Mail Scans for Secure Ports?

Hi,

 

no, only plain IMAP POP and SMTP are supported as F-Secure is filtering on port level. Just turn ES off.

 

Filtering on SSL-Level would require to either break email security (like a man-in-the-middle attack) to get access to the mail (which you would not like) or a different agent inside the mail-programm, that would allow checking the mails AFTER they have been decrypted and stored in the mailbox file (MBX)

 

As these agents would not only differ between different programs but also between different versions it is very difficult to maintain those.

 

Nevertheless the future is open and maybe we see am agent for the main mail-programms.

 

BR

Hi,

yes, basically ALL vendors have the same problem. Detecting malware inside an encryted stream is not possible in general (unless you do a kind of man-in-the middle-attack).

 

Some mail programs have an interface (like thunderbird) that you can use to call an antivirus whenever you touch an attachment. But they just store the file on the HDD and scan it using commandline parameters. With realtime scanning active this is already done in the moment the attachement is stored on the HDD automatically. So, yes, F-Secure protects you from regardless of the e-mail client and protocol you use. Not while you receive but when you start reading it. In any case this is early enough to protect you from any unwantanted activity. You would not want to sacrifice encryption for beeing able to detect in-stream!

 

Unfortunately the F-Secure SPAM markers also get set "in-stream", so that is a functionality that you loose. OTOH your ISP should be able to detect SPAM and there are lots of Anti-Spam plugins for mailclients available that do a good job.

 

Hoep this explains the situation.

---

@MJ-perComp wrote:

Hi,

yes, basically ALL vendors have the same problem. Detecting malware inside an encryted stream is not possible in general (unless you do a kind of man-in-the middle-attack).

 

Some mail programs have an interface (like thunderbird) that you can use to call an antivirus whenever you touch an attachment. But they just store the file on the HDD and scan it using commandline parameters. With realtime scanning active this is already done in the moment the attachement is stored on the HDD automatically. So, yes, F-Secure protects you from regardless of the e-mail client and protocol you use. Not while you receive but when you start reading it. In any case this is early enough to protect you from any unwantanted activity. You would not want to sacrifice encryption for beeing able to detect in-stream!

 

Unfortunately the F-Secure SPAM markers also get set "in-stream", so that is a functionality that you loose. OTOH your ISP should be able to detect SPAM and there are lots of Anti-Spam plugins for mailclients available that do a good job.

 

Hoep this explains the situation.

---

Is there a contradiction? Or is realtime scanning working both on storing an attachment, and on start reading it?
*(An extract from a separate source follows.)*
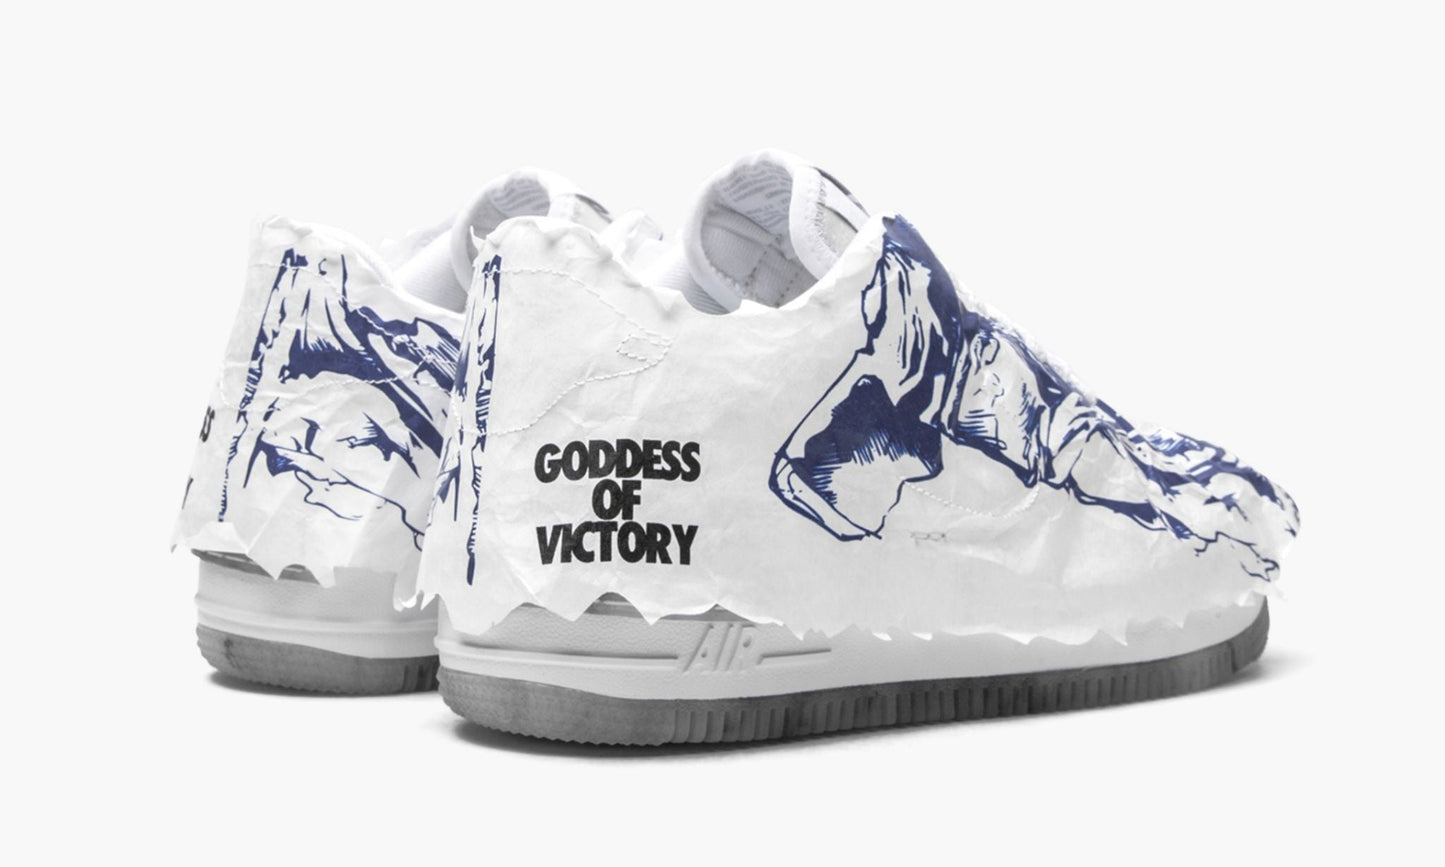 WMNS Air Force 1 Low Shadow "Goddess of Victory"

Thanks for the quick reply. The contradiction I saw was in the words "not while you receive it but while you start reading...". I guess I interpreted receive as including storing it. Glad it checks too when storing it. It triggers another question, why would I use the email shield if the message? / attachment? Is checked anyway while storing it. I will check the test suite as soon as I have my laptop working again.